#### [Dataset excerpt]
= Beginning of Section =
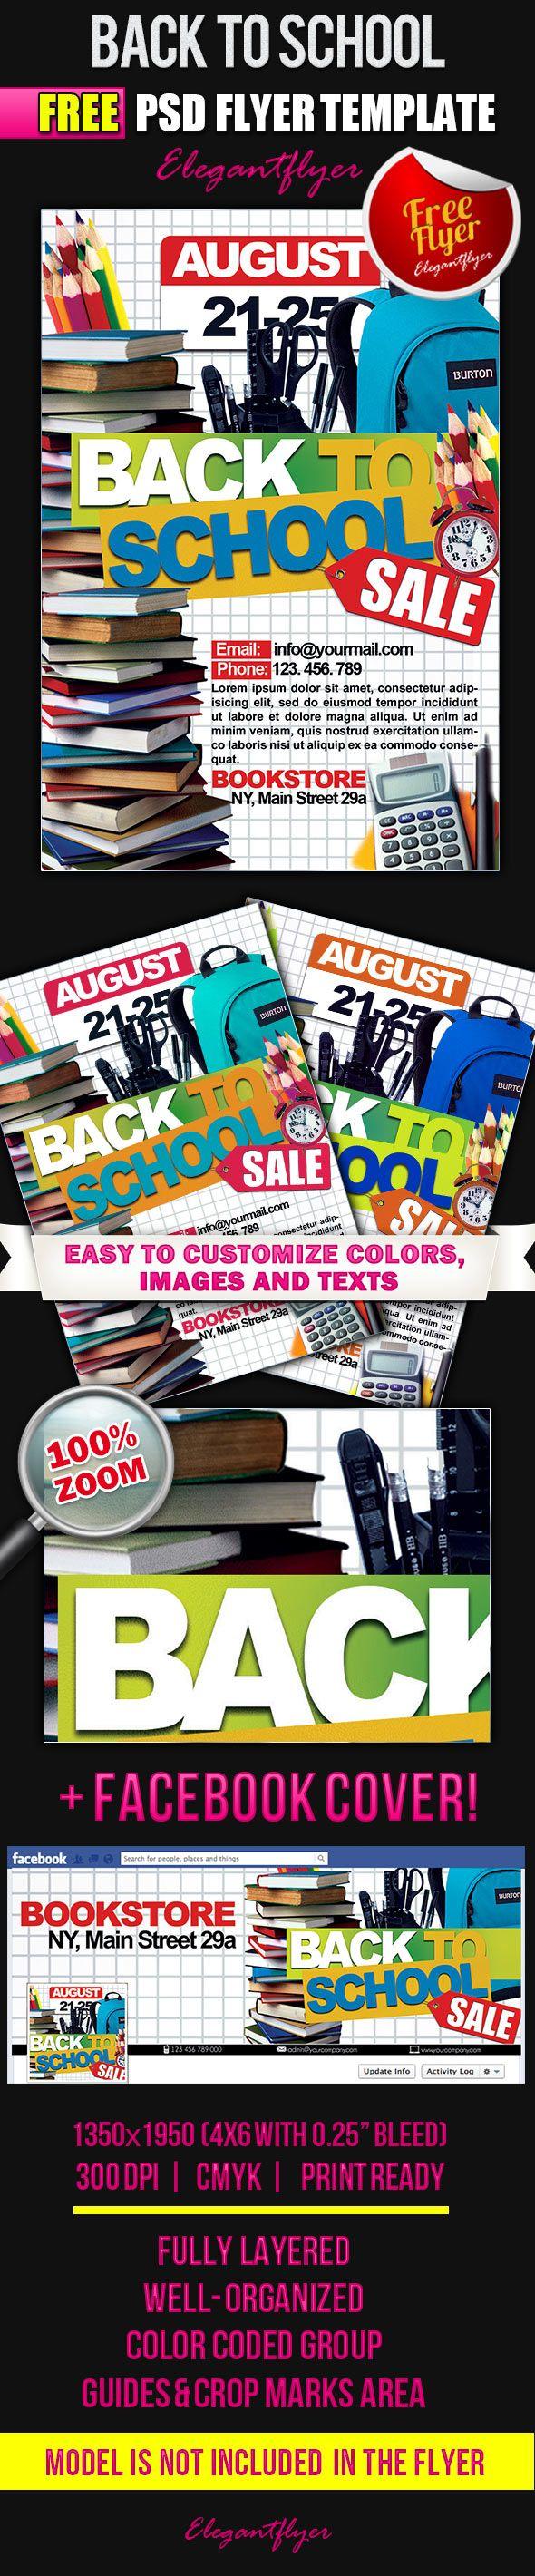 best 215 free psd flyer design 2015 images on pinterest design
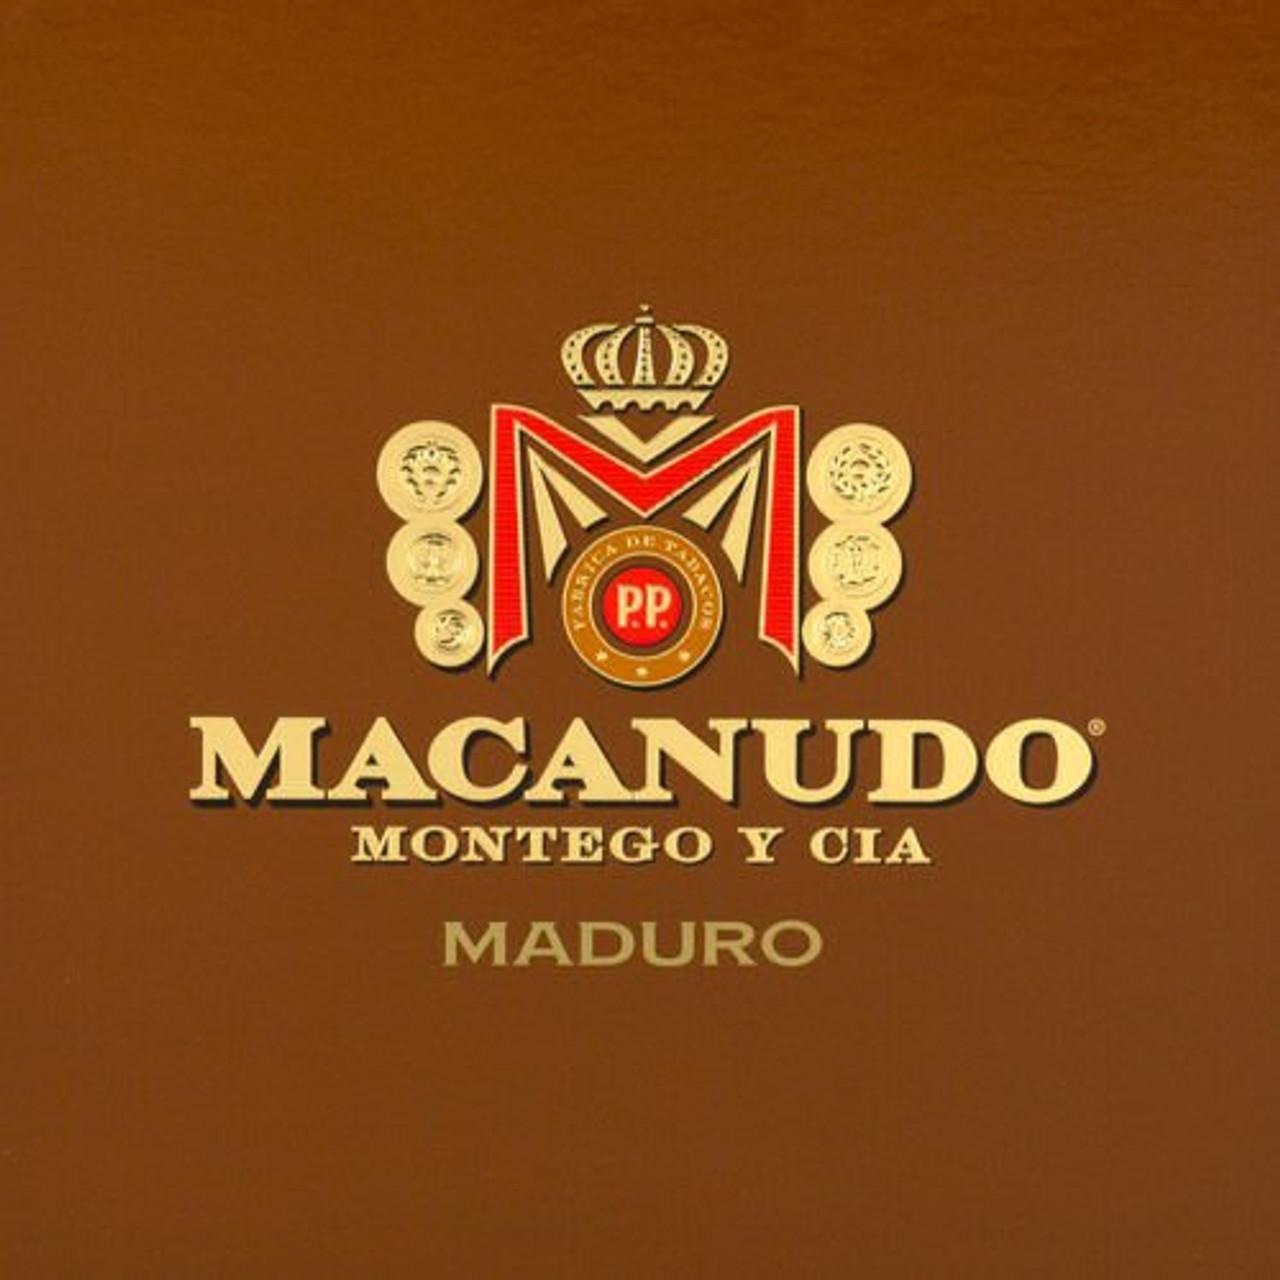 Macanudo Maduro Cigars Logo
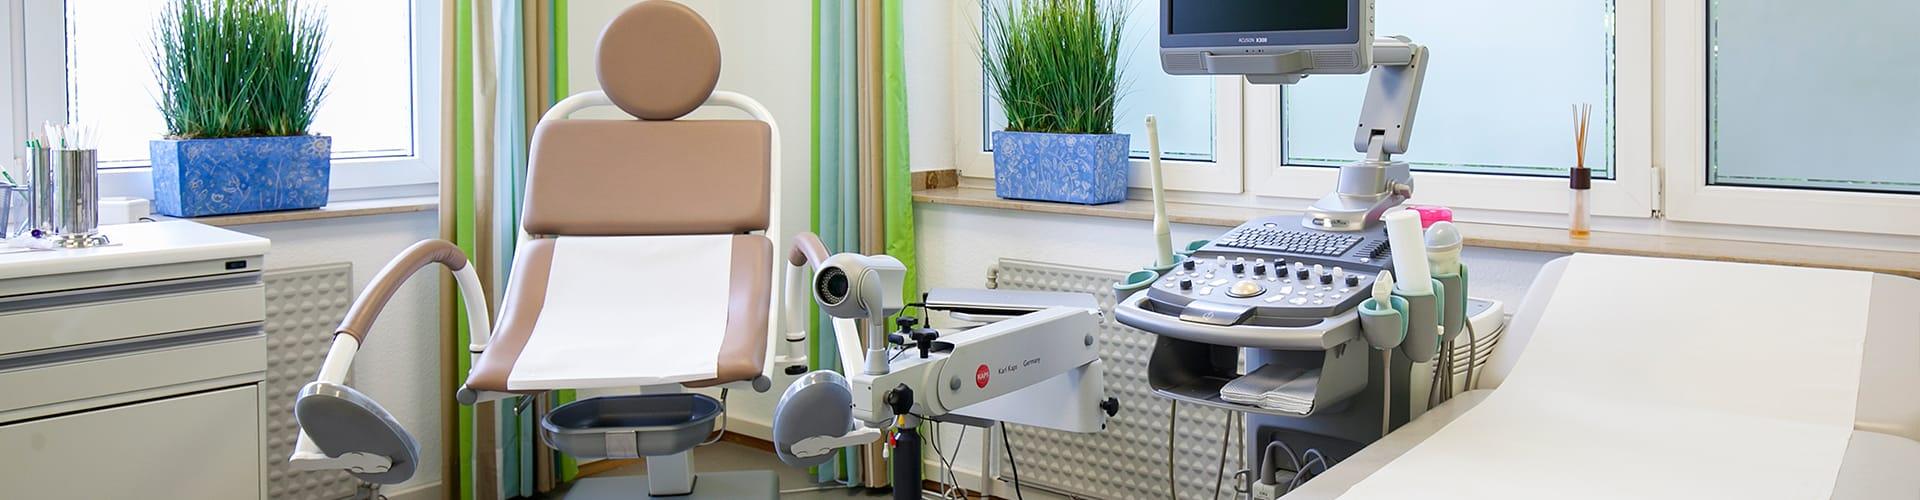 Behandlungszimmer in der Frauenarztpraxis von Frau Dr. med. Petra Berlinghoff in Lüdinghausen.
= End of Section =
#### [Work instruction]
No picture is to be included when the lines from the one containing "Macanudo Maduro Cigars Logo" through the end of the material above are output exactly; nothing else is written.

#### [Response to the exercise]
 Macanudo Maduro Cigars Logo
 Behandlungszimmer in der Frauenarztpraxis von Frau Dr. med. Petra Berlinghoff in Lüdinghausen.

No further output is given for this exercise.